Member of the National Assembly of South Africa
- In office 22 May 2019 – 24 August 2020
- Succeeded by: Linda Moss

Personal details
- Born: Hisamodien Mohamed 2 January 1965 Lotus River, Cape Town, Cape Province, South Africa
- Died: 24 August 2020 (aged 55) Pinelands, Cape Town, Western Cape, South Africa
- Party: African National Congress
- Spouse: Ragmat
- Children: 3
- Alma mater: University of the Western Cape
- Profession: Advocate Politician

= Hisamodien Mohamed =

South African politician and advocate (1965–2020)

Hisamodien Mohamed (2 January 1965 – 24 August 2020) was a South African politician and advocate who served as a Member of the National Assembly of South Africa for the African National Congress from May 2019 until August 2020. Prior to serving in Parliament, Mohamed was the provincial head of the Department of Justice and Constitutional Development.

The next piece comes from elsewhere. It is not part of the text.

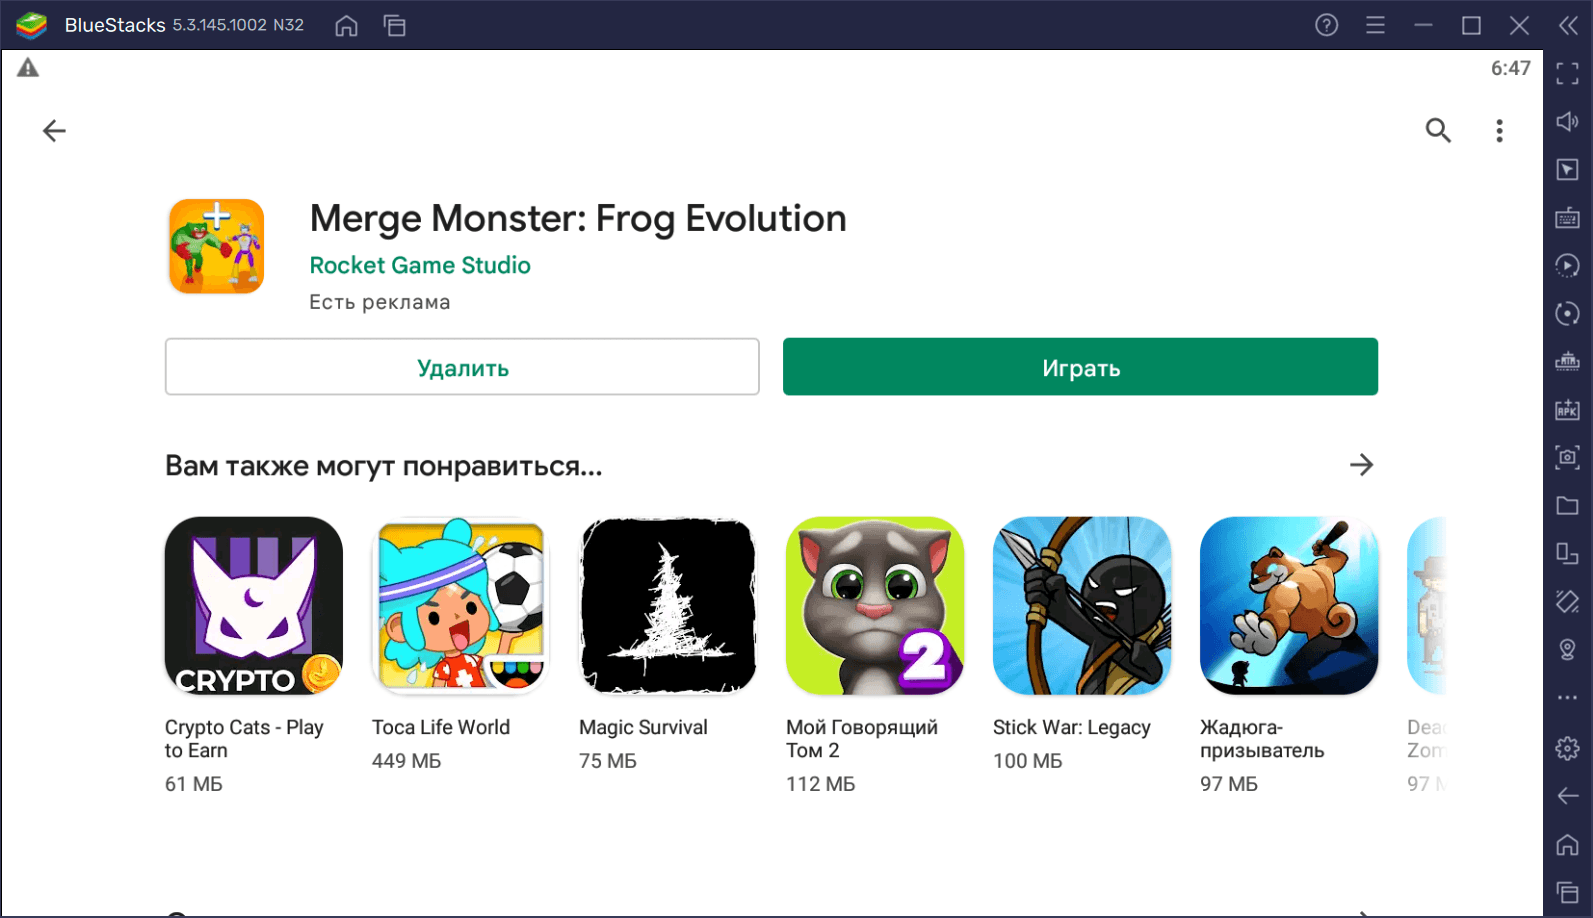 Как скачать Merge Monster: Frog Evolution на ПК с BlueStacks?

==Early life and education==
Mohamed was born on 2 January 1965 in Lotus River in Cape Town and attended Wittebome High School. He joined the United Democratic Front as a high school student in 1985. He went on to study law at the University of Western Cape and obtained three degrees. Mohamed also completed a senior executive management course at Harvard Business School in 2001.

==Career==
In 1990, Mohamed was appointed as a temporary attorney at the Athlone Magistrate's Court. Between 1993 and 1994, he was a public prosecutor at the Mitchells Plain Magistrate's Court. He was admitted as an advocate in the office of the family advocate in 1995. Mohamed was the provincial head of the Department of Justice and Constitutional Development between 1997 and 2019.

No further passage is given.